26 Eyl 2010

Kral Yeniden Tahtında!

Ve yine karşımızda! Kralların da kralı! Okan Bayülgen! Dünki sezon açılış programı, gerçekten ama gerçekten bir harikaydı. Zaten benim Okan Bayülgen hayranlığımın ne derece olduğunu diğer yazılarımı az çok okuyanlar bilirler. Okan'ın da deyimiyle 'Harikulade' bir iş çıkarılmış ortaya gerçekten. 2 Dakikalık mini diziler, bölümler, medya arkası .. Disko Kralı, farklı ve çok güzel bir şekilde karşımızdaydı dün. Gelin programı bir özetleyelim şöyle.
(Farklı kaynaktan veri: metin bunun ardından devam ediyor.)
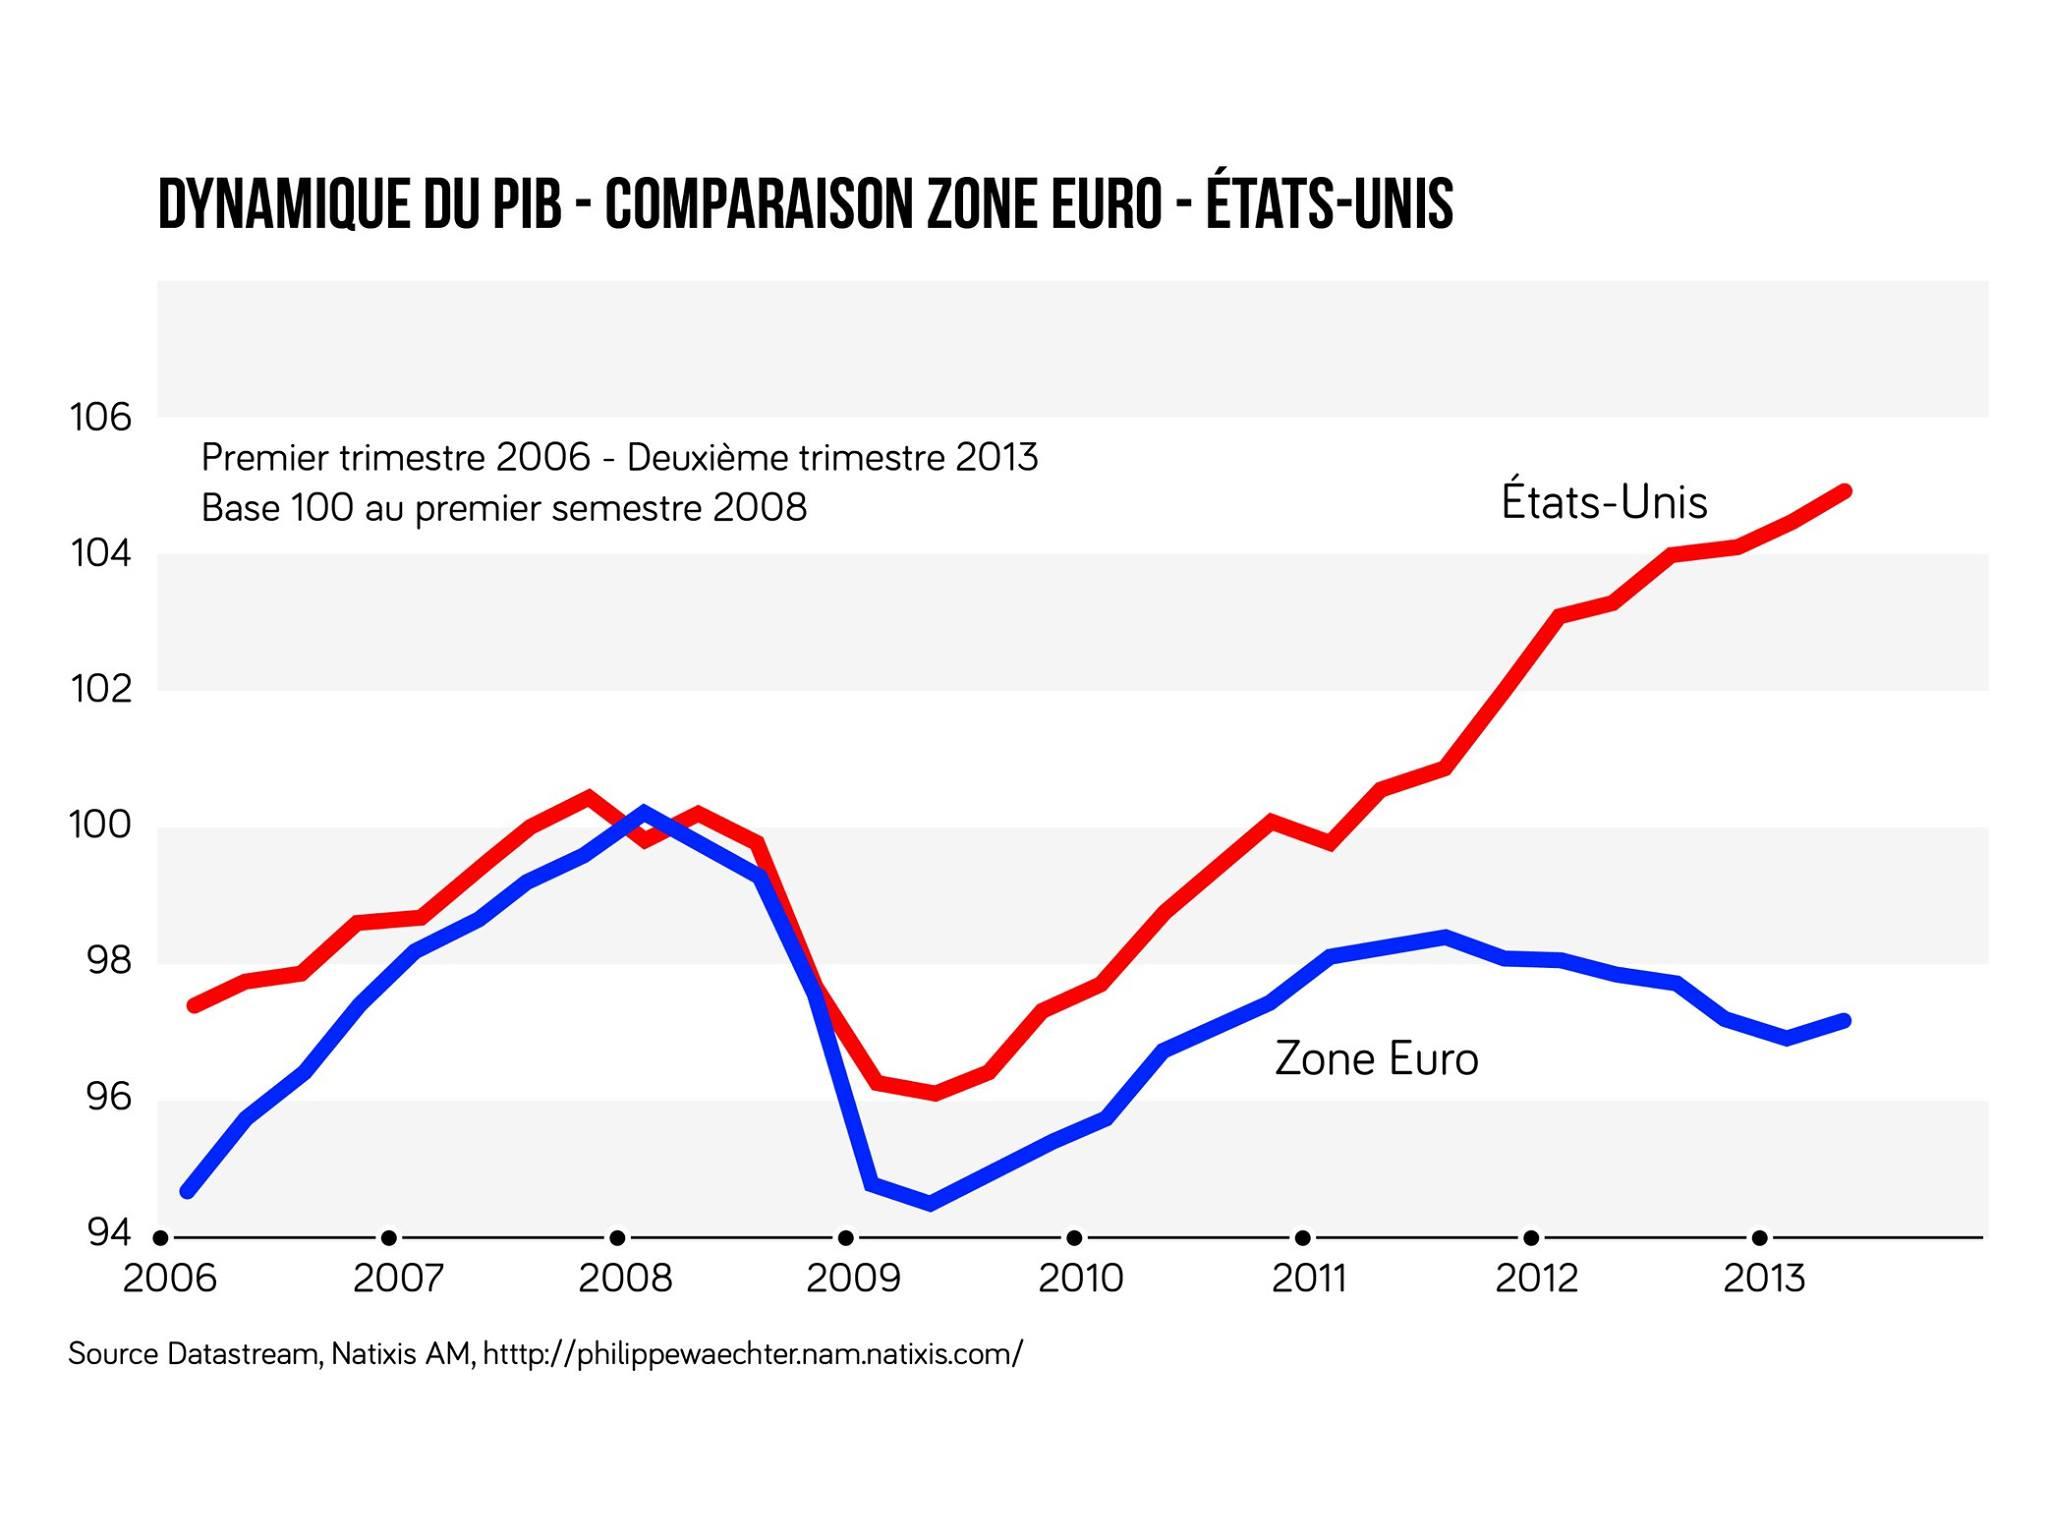 Graphique des évolutions des PIB de l'Union européenne et des États-Unis entre 2006 et 2013

Program konuklarını yine tam hatırlamıyorum, bu unutkanlığım bitirecek beni. Aklımda kalan konuklar şöyle; Saba Tümer, Fatih Ürek, Ankaralı Turgut, Ebru Akel, Bay J ve Çarkıfelek programında harfleri açan kız. İlerleyen dakikalarda birde Dodan adlı sanatçı konuk oldu.

Program hızlı başladı. İlk konu Ankaralı Turgut'un  'Kaymak Lazım' albümüyle başladı. Albüm adından Türkçe sayesinde birçok anlam çıktığı için, bu konu gülerek geçti.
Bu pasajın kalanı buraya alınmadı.